▶ _What this task involves_
Reproduce exactly the lines of this material that begin at the line with "ペルソナ シリーズ 堂島菜々子" and end at the line with "Layanan Pengiriman Barang", both included. Omit the pictures and everything else.

▶ _Dataset records_
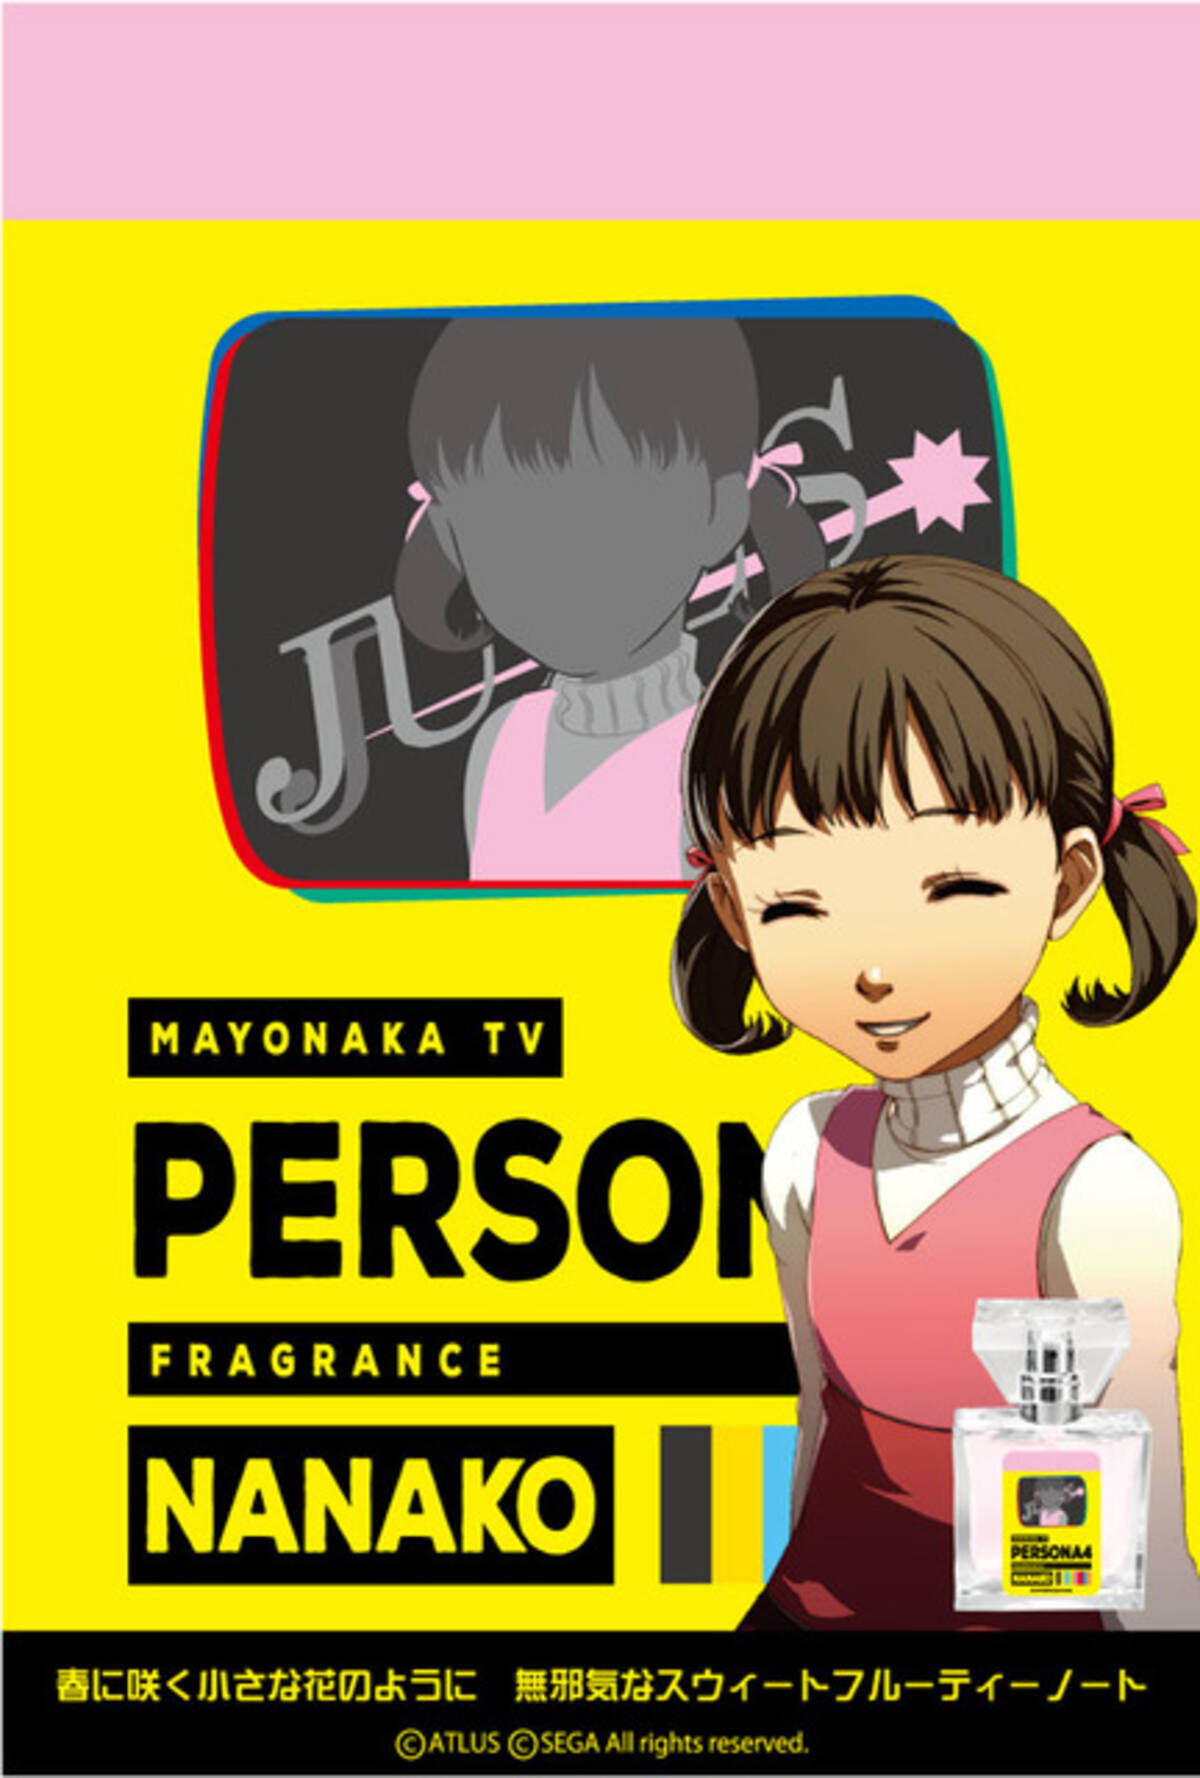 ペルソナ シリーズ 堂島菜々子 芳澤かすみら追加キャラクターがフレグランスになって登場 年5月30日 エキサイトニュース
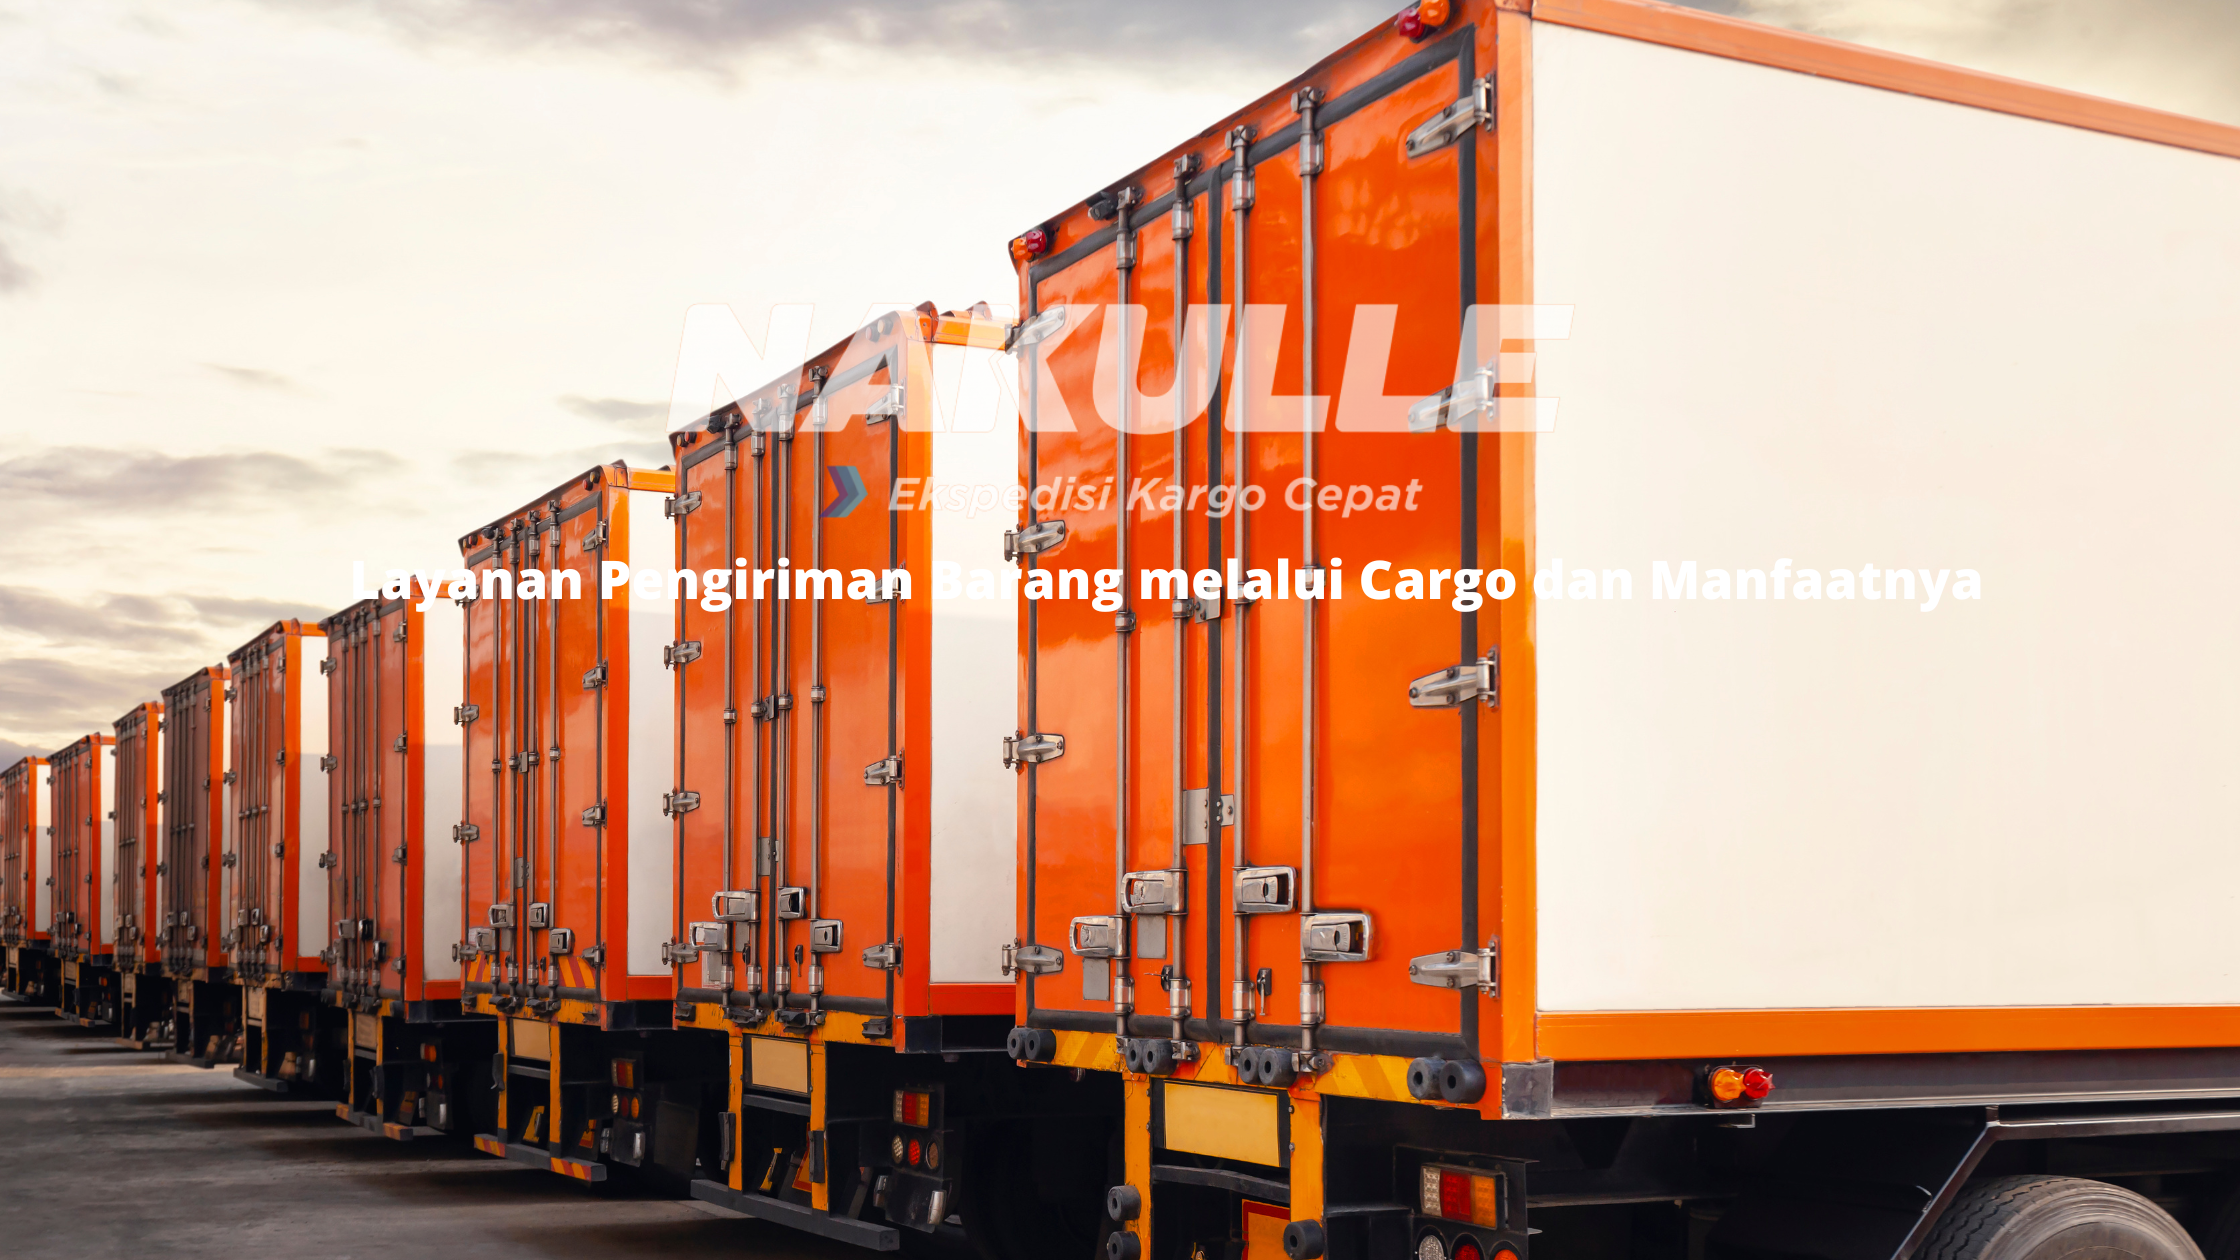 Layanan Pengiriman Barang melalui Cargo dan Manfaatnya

---

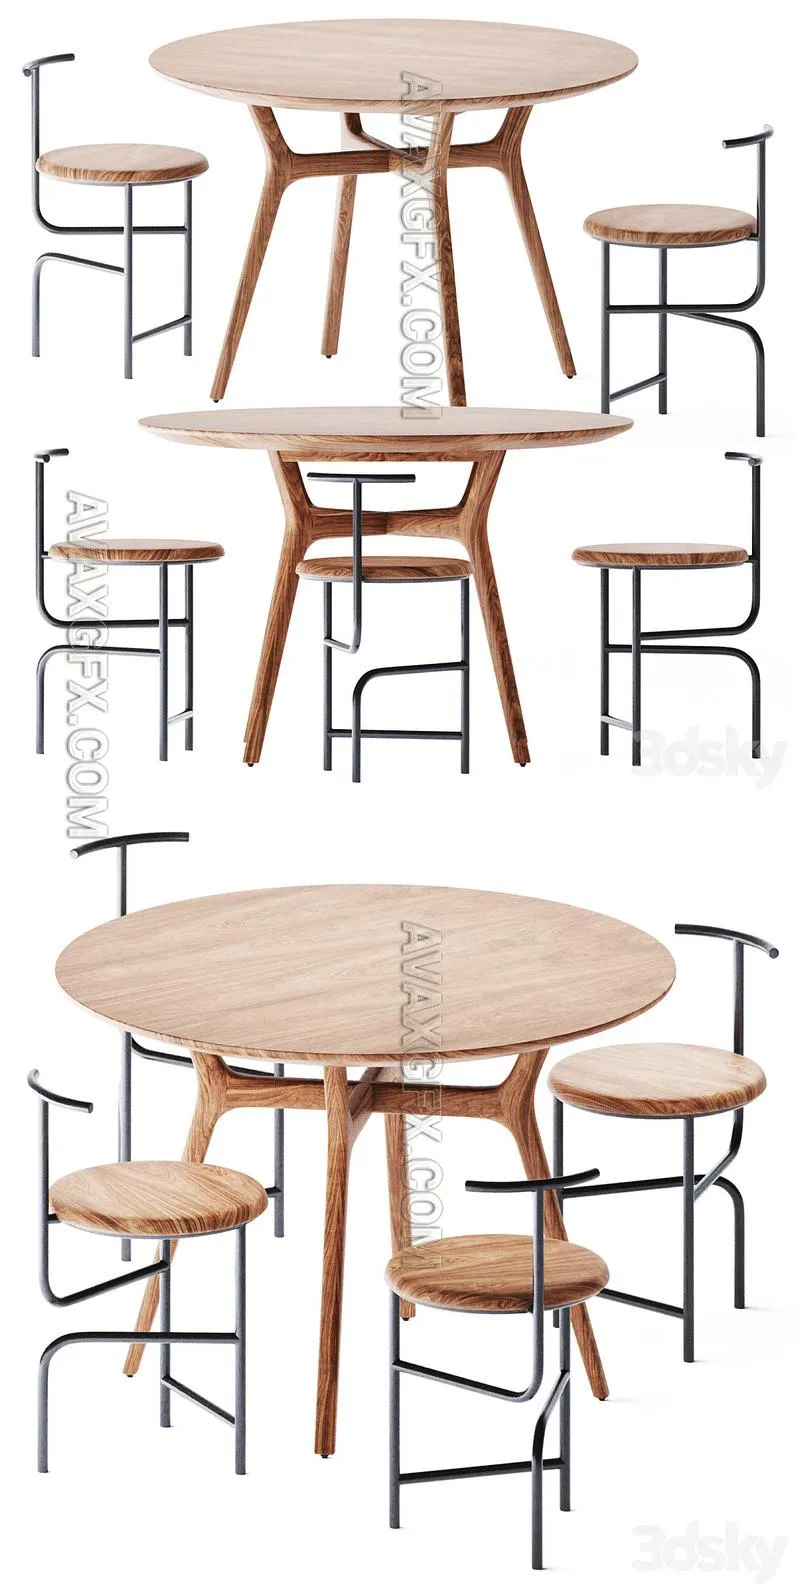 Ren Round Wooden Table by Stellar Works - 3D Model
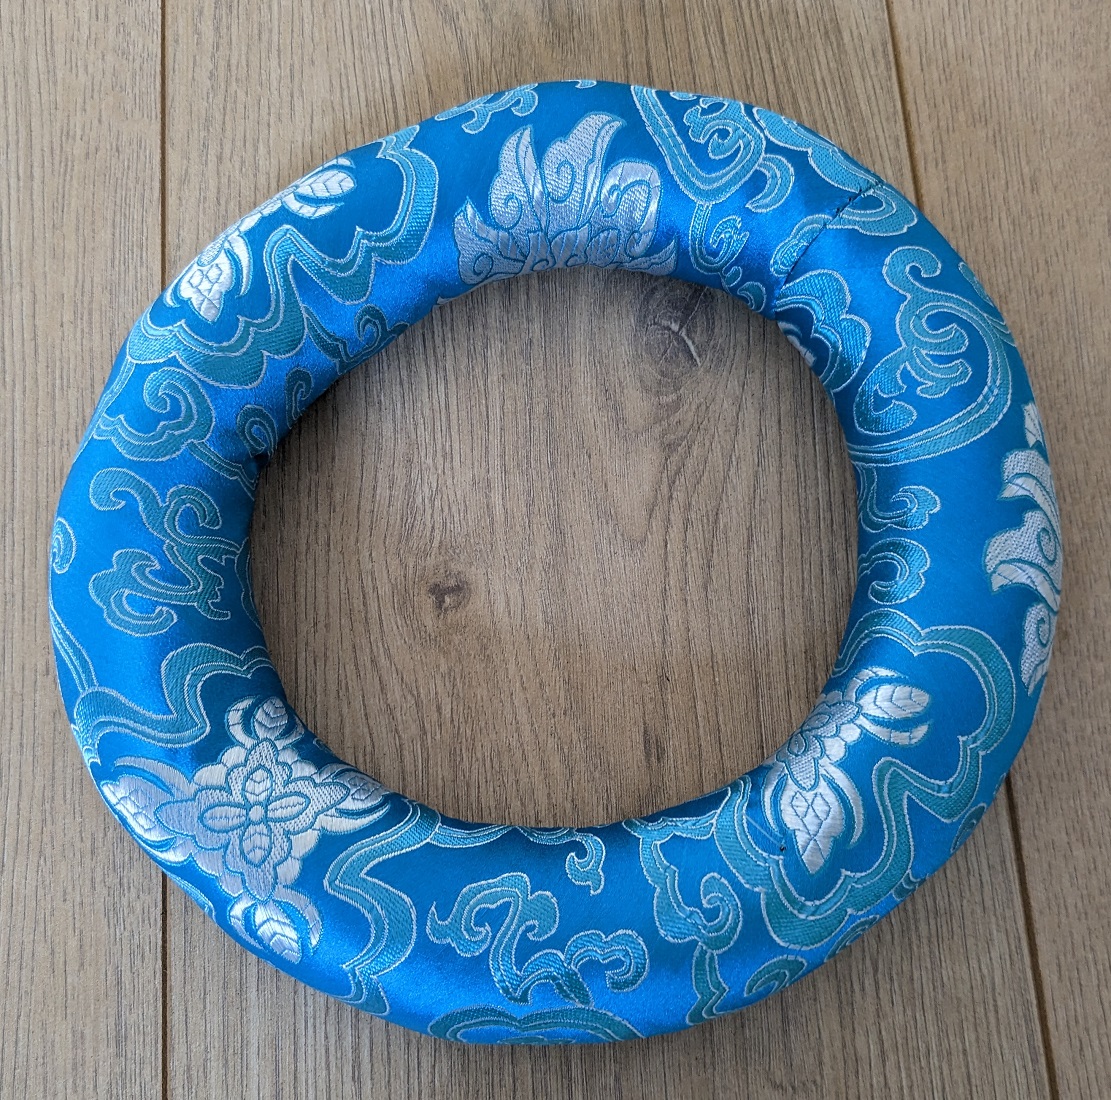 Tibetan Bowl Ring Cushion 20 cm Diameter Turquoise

▶ _Result of this exercise_
 ペルソナ シリーズ 堂島菜々子 芳澤かすみら追加キャラクターがフレグランスになって登場 年5月30日 エキサイトニュース
 Layanan Pengiriman Barang melalui Cargo dan Manfaatnya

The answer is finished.